I have no idea why, but I’m just exhausted today. I slept pretty well last night, and I’ve had plenty to eat, so I’m not sure why I feel run over and sleepy. And there’s gaming tonight, so it’ll be fairly late before I get to fall down, too.
I’ve spent the last two days at work dodging bullets, so to speak. I had gone over to the data centre to install the replacement for a downed server and I heard one of the raid enclosures sounding an alarm. So I went to find out what was wrong with it and discovered that the RAID-5 array had a bad disk. (The enclosure actually had two bad disks. One of those had been the global spare, which had been pulled in when the first went bad.) Now, a RAID-5 can operate with one disk down, but not two, so this system was one disk away from a fatal crash.
I pulled out the bad disks and went to contact the vendor, who luckily turned out to have a couple of spares of that drive on their shelf. (This is a stroke of luck, because those specific drives aren’t manufactured anymore.) I took them the old drives to RMA (they are still under warranty, despite not being made anymore) and drove back to the data centre to replace them and rebuild the array.

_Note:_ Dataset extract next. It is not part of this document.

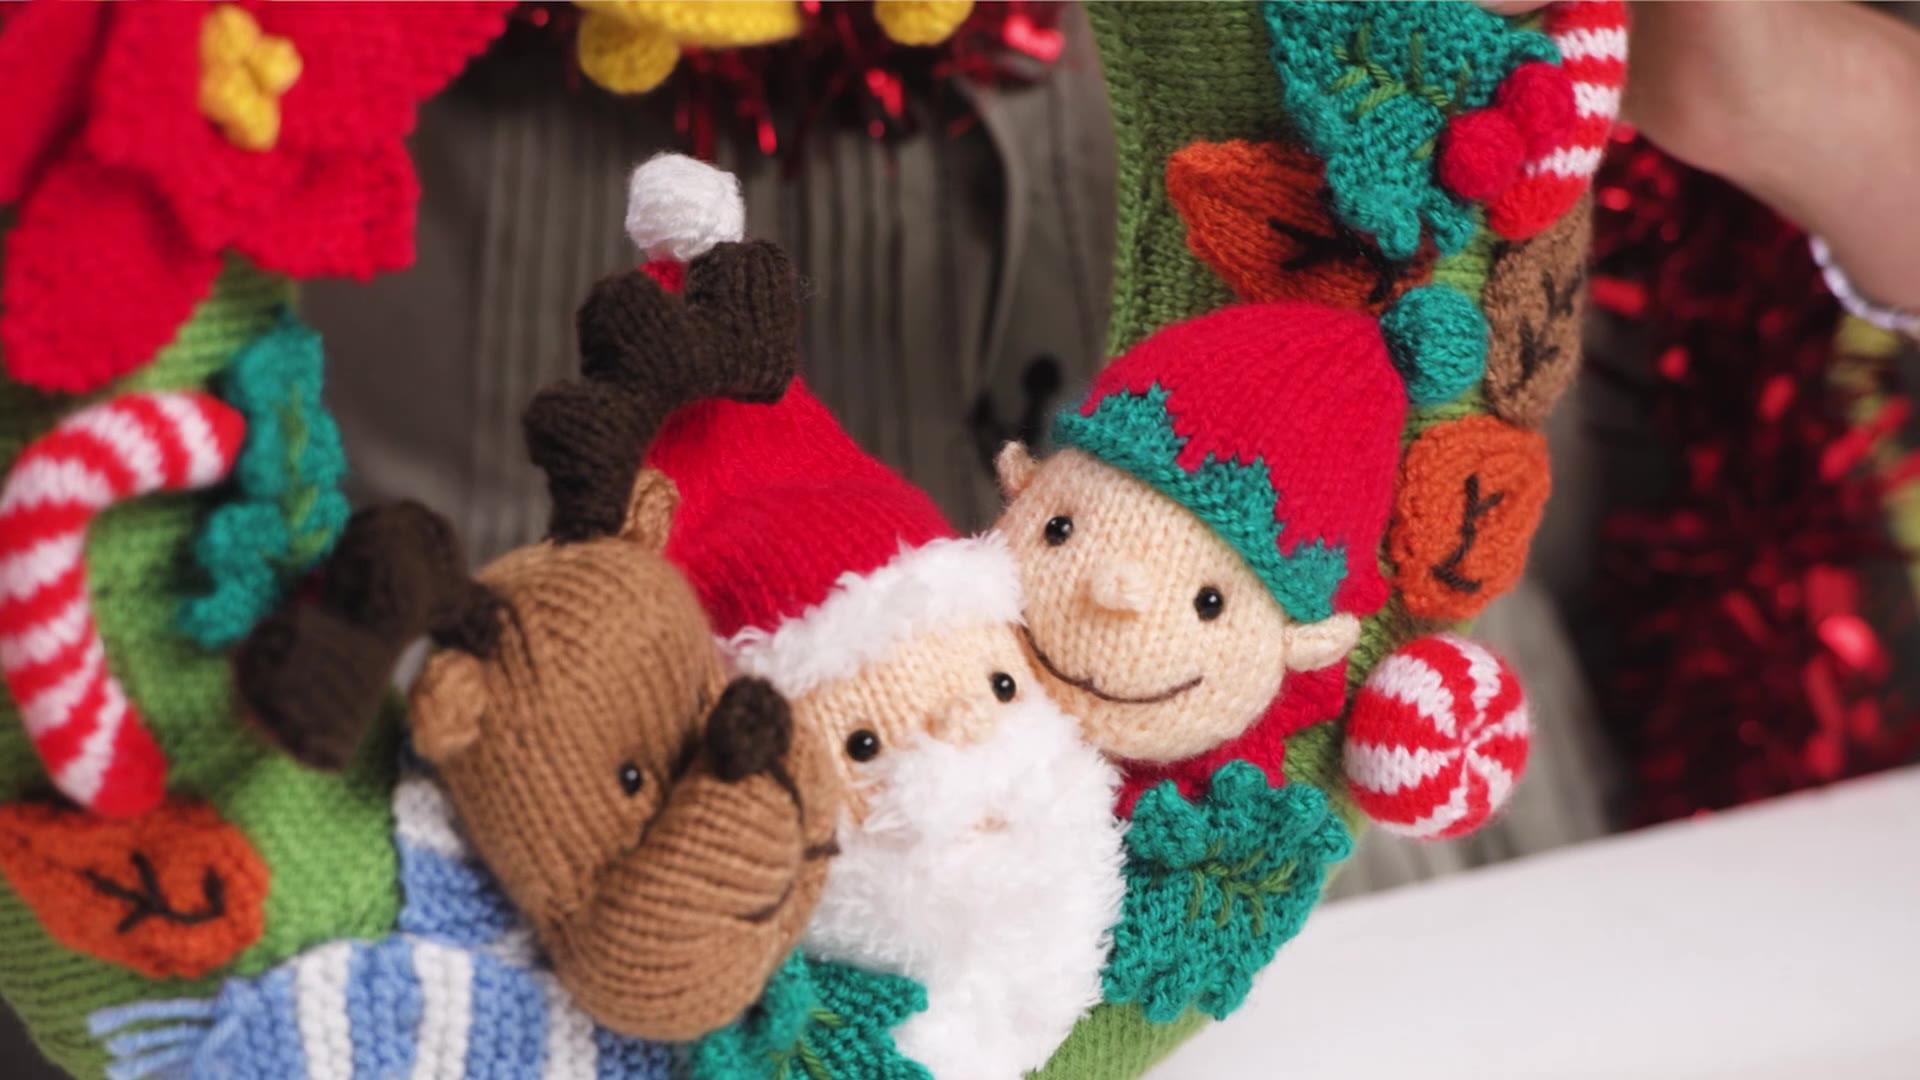 Festive Wreath Knitalong: Our Top Tips
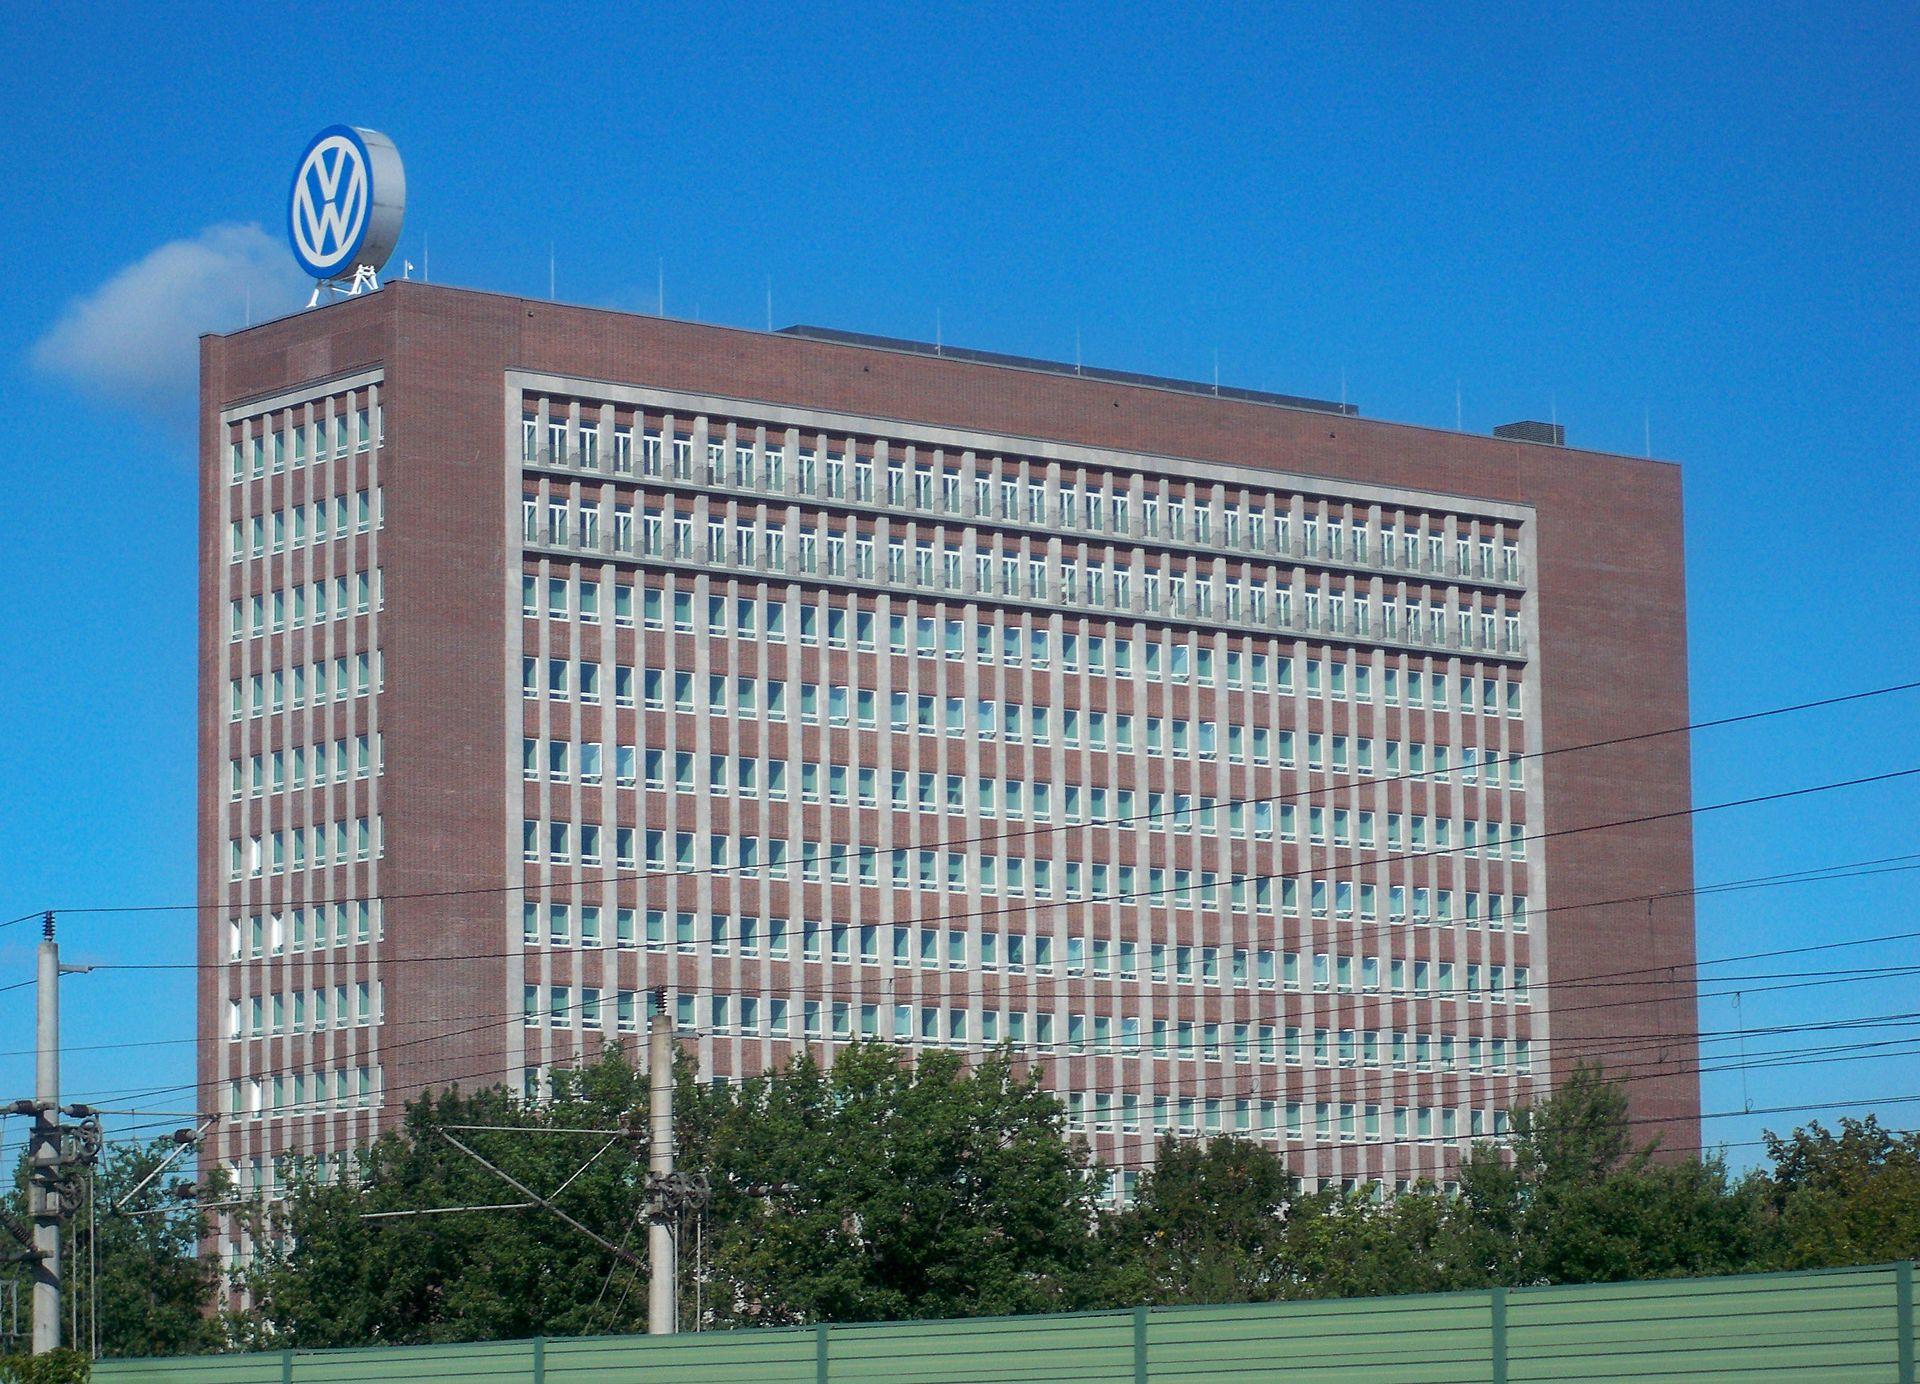 VW-Verwaltungshochhaus – Wikipedia

Once that was done and the array was healthy, I decided to make a cursory check of the other systems, to ensure they were also working properly, since it had been a while since I had audited the health of the systems . To my horror, I found that the database server was in a similar state to the first server; while the first server going down and needing to be rebuilt and restored from backup would have been inconvenient, the database server doing down would be a disaster. I immediately contacted the vendor again, but they said they didn’t have any of these drives in stock, and it would take up to a week to turn around a warranty replacement. I said that wasn’t good enough and asked for a quote on a 24 hour delivery of a new drive, which they promised me by first thing this morning. I went back to my office and, after conferring with the brass, gave the drive to our IT guy to see if he could track down a replacement drive. he found one and I got it first thing this morning (about an hour after the quote from the raid vendor), so i rushed back over the the NOC once again to rebuild THAT array. Whew! (We’re now getting warranty replacements on the bad drives, so we can put another spare in the system and avoid unpleasantness in the future.
Personally, I don’t like my work being quite this exciting. 🙂
 I have since created a policy of explicitly checking all of these systems ever time the off-site backup tapes are rotated (every 2 weeks). The enclosure on the database server had an alarm sounding, but it was impossible to hear over the noise of the room.